Um grupo de jovens não habituados com aquelas ruas aproximou-se perguntando onde se localizava a estação de trem. Uma garota do grupo não parava de olhar Daniel, como se estivesse encantada com suas palavras incisivas sobre o papel dos cidadãos. Antônio explicou metodicamente o caminho ao aparente líder enquanto uma linha reta entre esses dois olhares só fora interrompida com a partida do grupo.
"Então, penso que devemos contribuir com algo", relembrou.
"Acho que sirvo pra procriar."
"É uma parte importante."
"Jogar alguém no mundo pra enchê-lo de ilusões ideológicas e fraternais não me parece a coisa certa."
"Você não abraça ideologias?"
"Pelo contrário. Penso de tal forma a partir de ideologias que fragmentei daqui e dali. Conheço um cara tão atolado no que pensa que se isola de novas ideias."
"E qual o problema?"
"O problema é que muitos acabam precisando de um bastão de Hoover.", Antônio, agora com a garrafa em mãos, deu um corte: "Se você levantar um questionamento sobre alguma coisa acabará sendo julgado como traidor. Se disser que está de acordo com apenas noventa e nove por cento dirão que não tem paixão naquilo que acredita. Ninguém se inclina a arriscar pensar de forma mais progressiva que seus 'gurus intelectuais.' Parece até que são submissos da mesma forma que são os que acreditam em algo divino."

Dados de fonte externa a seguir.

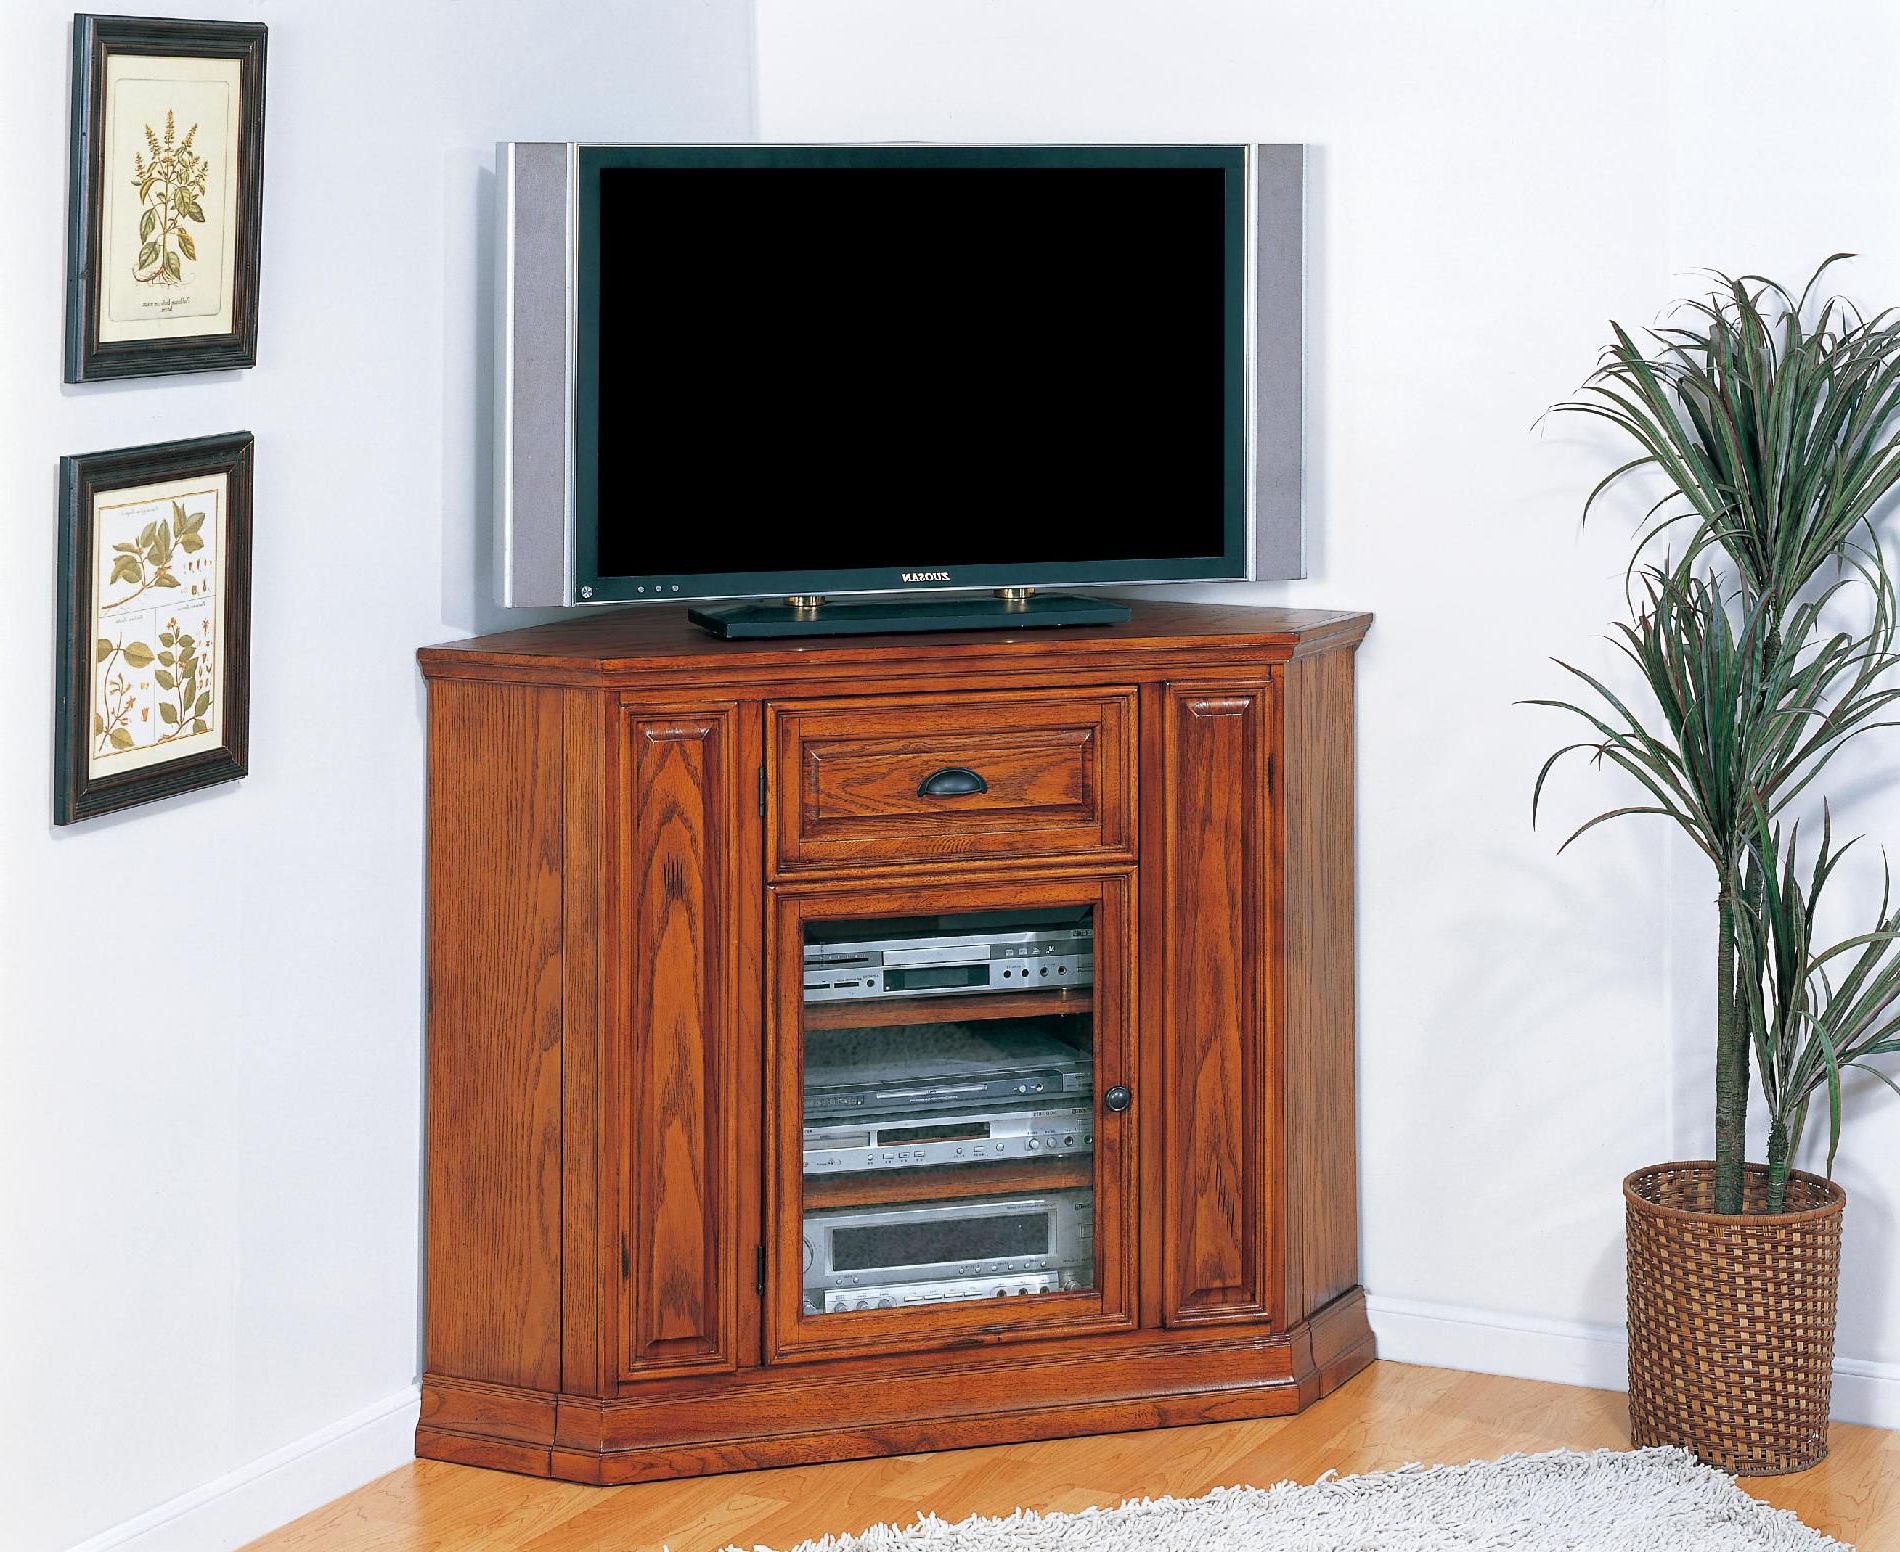 2017 Corner Tv Cabinets With Hutch With Regard To Corner Tv Console With Hutch – Corner Designs (View 7 of 20)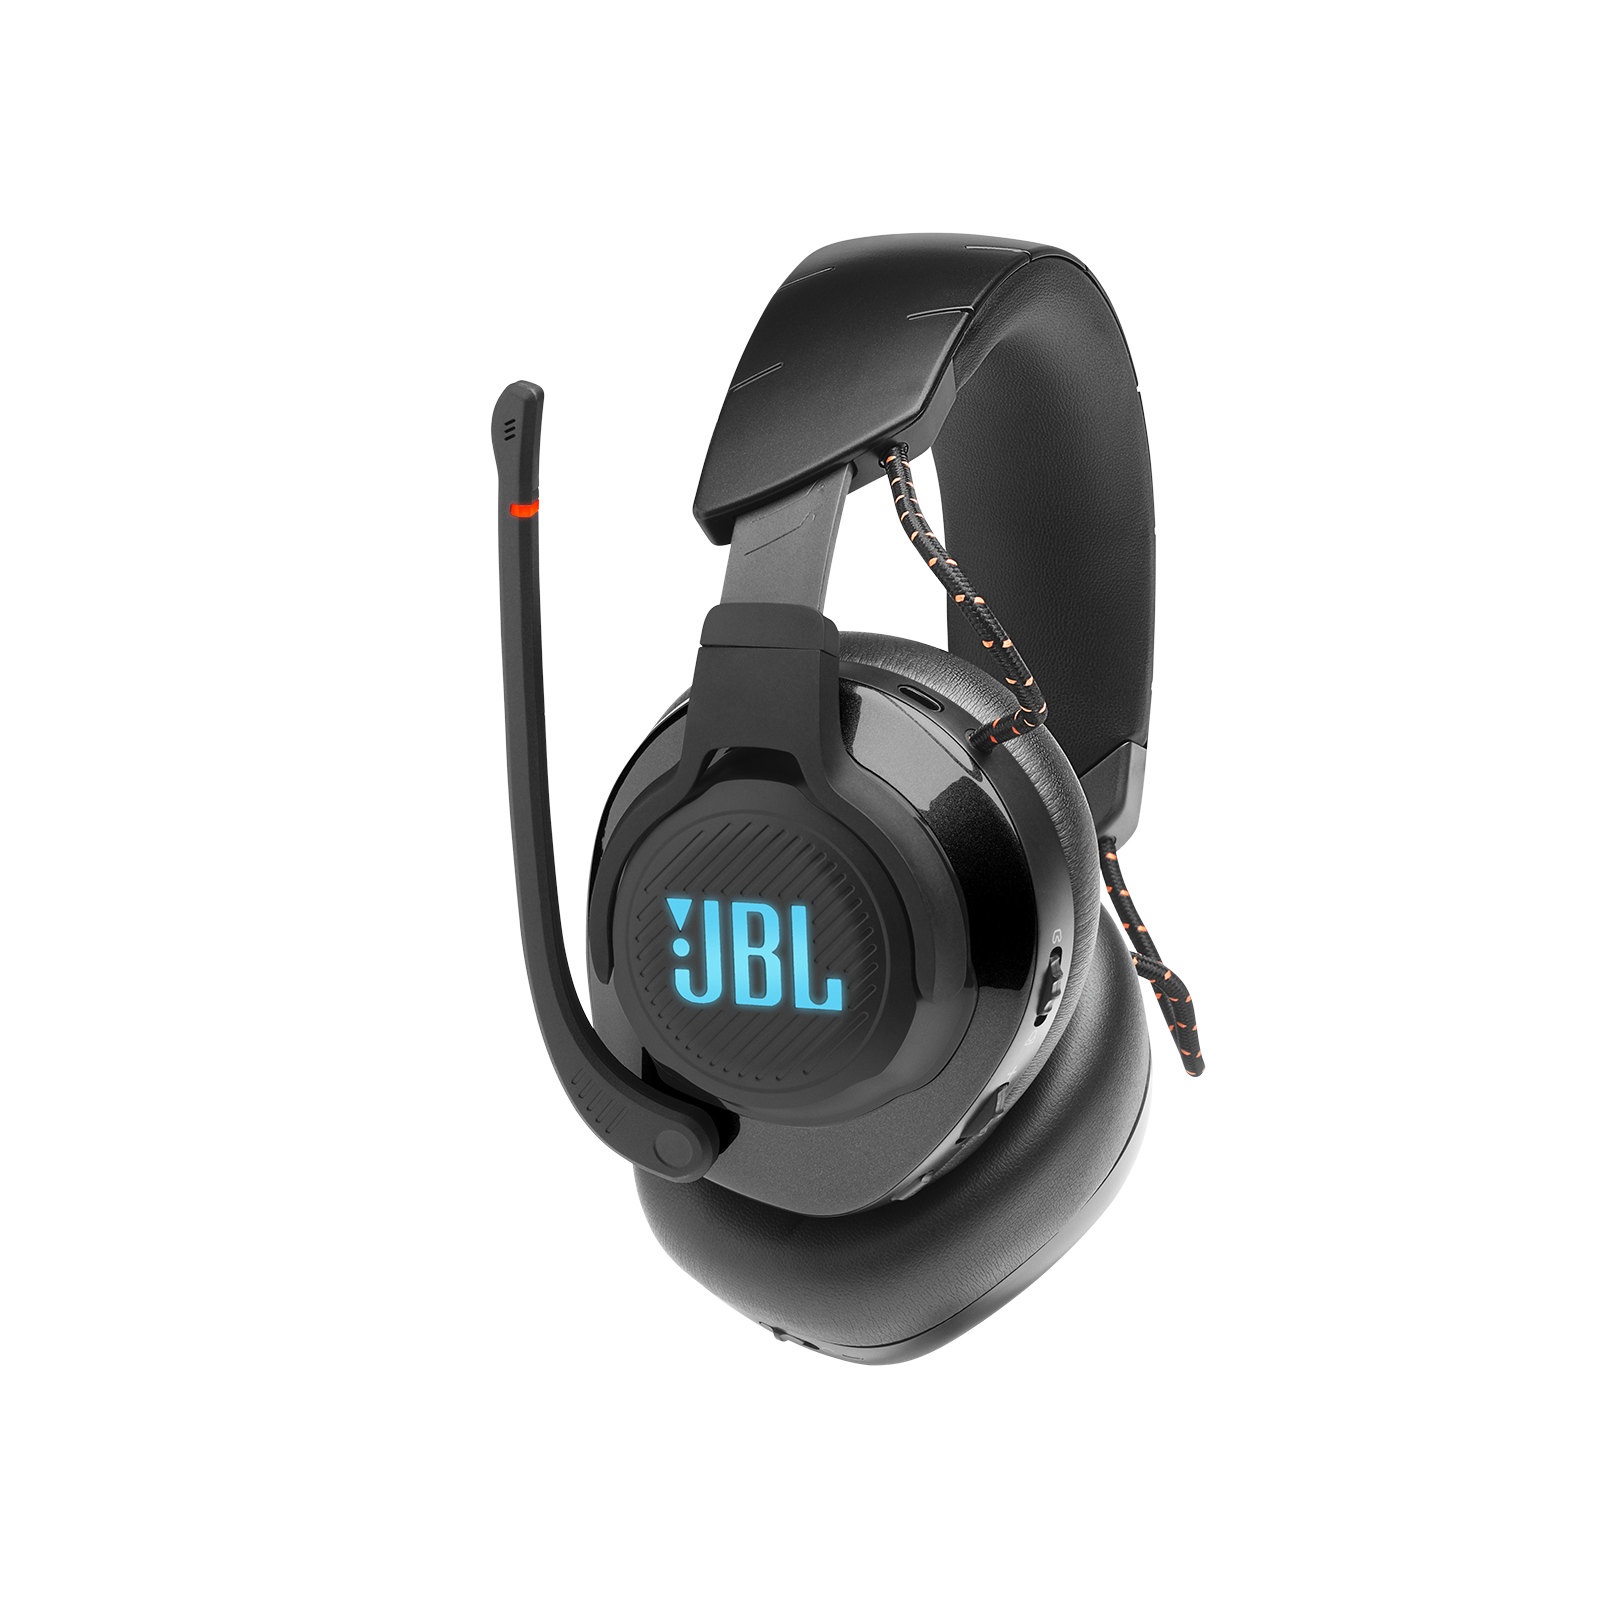 JBL Quantum 600 - Black - Wireless over-ear performance PC gaming headset with surround sound and game-chat balance dial - Detailshot 1

"Você se acha o espertalhão, não é?! Sem esses 'gurus intelectuais' você não diria nada disso. Provavelmente estaria em casa rolando a barra do seu Facebook ou fazendo qualquer banalidade esperando ansiosamente pelo fim de semana. De tanto esperar por isso acaba se esquecendo de viver. Uma vida inteira de sucessão de esperas pelo fim de semana, semana após semana, se é que já não faz.", Daniel riu e acendeu um cigarro que balançava na medida em que os lábios se mexiam: "Temos que ter alguém ou algum conceito a se espelhar em qualquer tema da vida antes de mais nada", concluiu.
Começava a esfriar.
"O ponto não é esse", entregando a garrafa ao amigo.
"Conversa fiada. Você diz isso porque não tem ninguém e nada pra amar", batendo as cinzas pro chão.